Good memories can sometimes be like items in a lost and found department. With time they become lost, but when they’re recovered years later, they seem magical.
As I reached my fifth birthday, my family had moved to a farm near Waverly, Tenn. A pasture rolled out from the front yard, and on its border a creek-gravel driveway stretched just over two-tenths of a mile.
My mother and I walked up this lane nearly every morning. It was here one day that we were chased home by a steadfast predator: a hard-pouring shower.
Until then, I’d been warned to steer clear of rain. Now, the shower was bearing down on us with an implacable certainty. No matter how fast my mother and I ran, we would not make it to the safety and shelter of our home. It looked like the end for us.
Mom scooped me up and continued to run. The rain overtook us as we neared our yard, and I began to cry as the droplets wet my hair. That’s when Mom decided it was time to let me know that the rain wouldn’t hurt me, just make me wet. To prove it, she put me down and held out her arms, letting them quickly become soaked.
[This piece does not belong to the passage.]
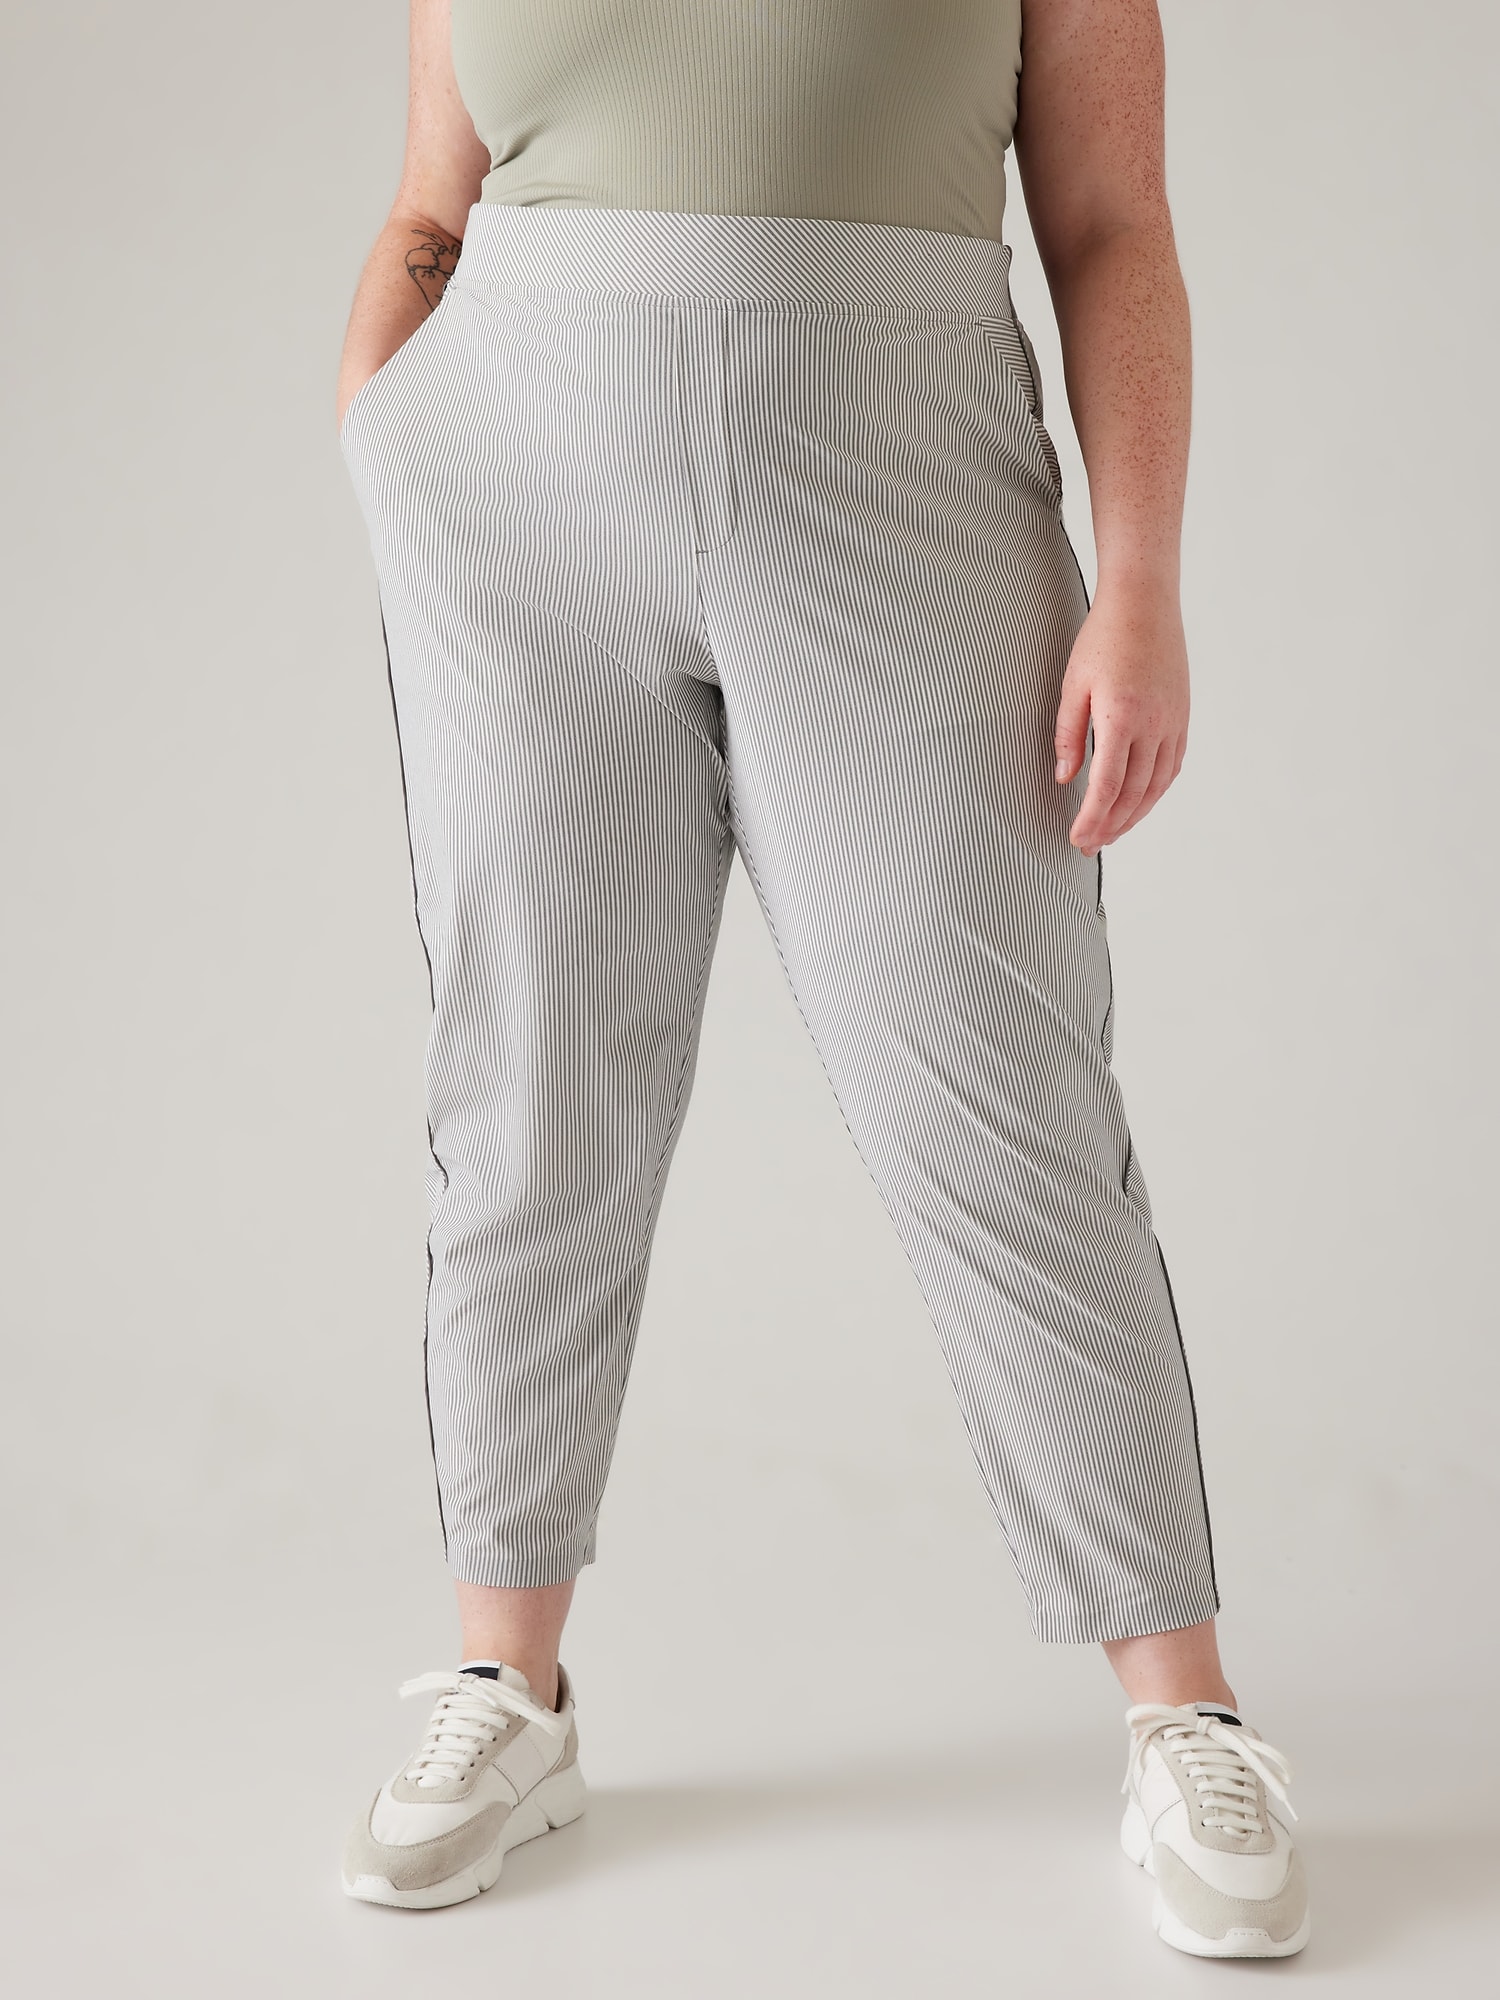 ATHLETA on X: Introducing the new Brooklyn Ankle Pant: Recycled fabric  that's lightweight, wrinkle resistant, easy to move in, and UPF 50+. Shop  now:   / X
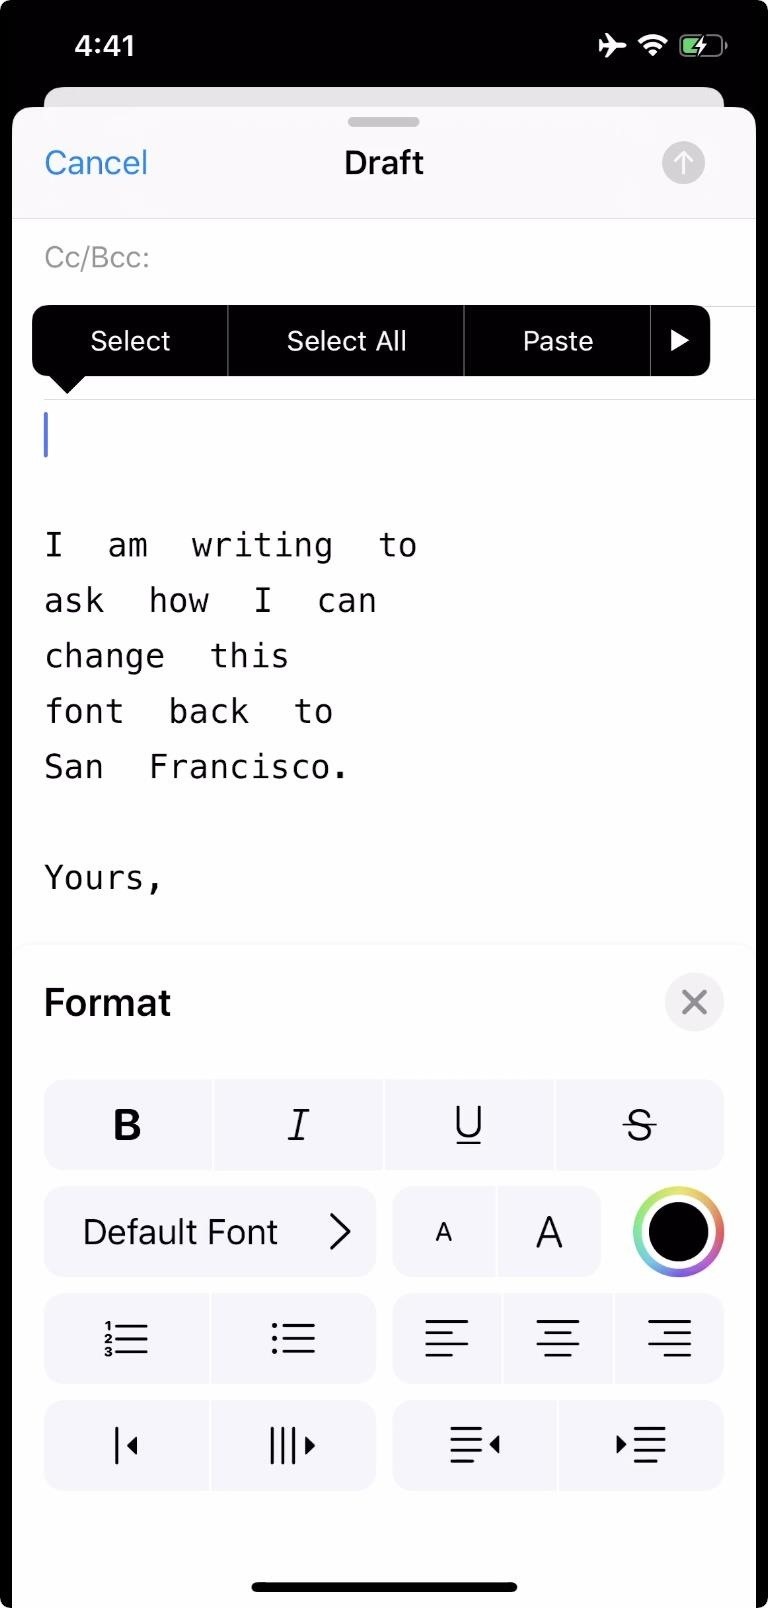 How to Return to the Default Font in Mail Drafts After Using a Custom One

We were both drenched in seconds, but we had smiles on our faces. Mine was because I’d survived the onslaught of this lashing rain, hers was from witnessing the natural and innocent beauty that only comes in the form of a small child.
Four short years after that day, my mother lost a hard-fought battle with breast cancer. Most of the memories I had of Mom seemed to slip away with her.
As I aged and started a family of my own, I tried to remember things about her. I recalled bits and pieces, but never her smiling face that day.
A smile returns
I now live in the house where I grew up, with a beautiful wife and three handsome boys of our own. I work for a nursing home in town, and one day at work, I overheard a nursing assistant talking about the house where she grew up. I knew the house, because it was only a mile from ours.
That conversation got me thinking about my early childhood, and as I drove home that afternoon, the memory popped into my head of that long-ago day 35 years before, when my mother and I ran down that same country lane.
I could see again the wall of pelting rain as it roared after us, my mother scooping me in her arms, and the two of us stopping after it caught us. Then, for the first time in many long years, I saw her face – happy and with a beautiful smile that seemed to transcend time itself.
It’s funny how a memory can become lost in the tangles of the mind and lie there only to be recovered by just the right trigger. Now this memory, so firm and constant with its arrival, had brought me a much-needed smile.
There must be more good memories of Mom, locked away somewhere in my mind. Maybe soon, another will find its way through, and bring with it another smile.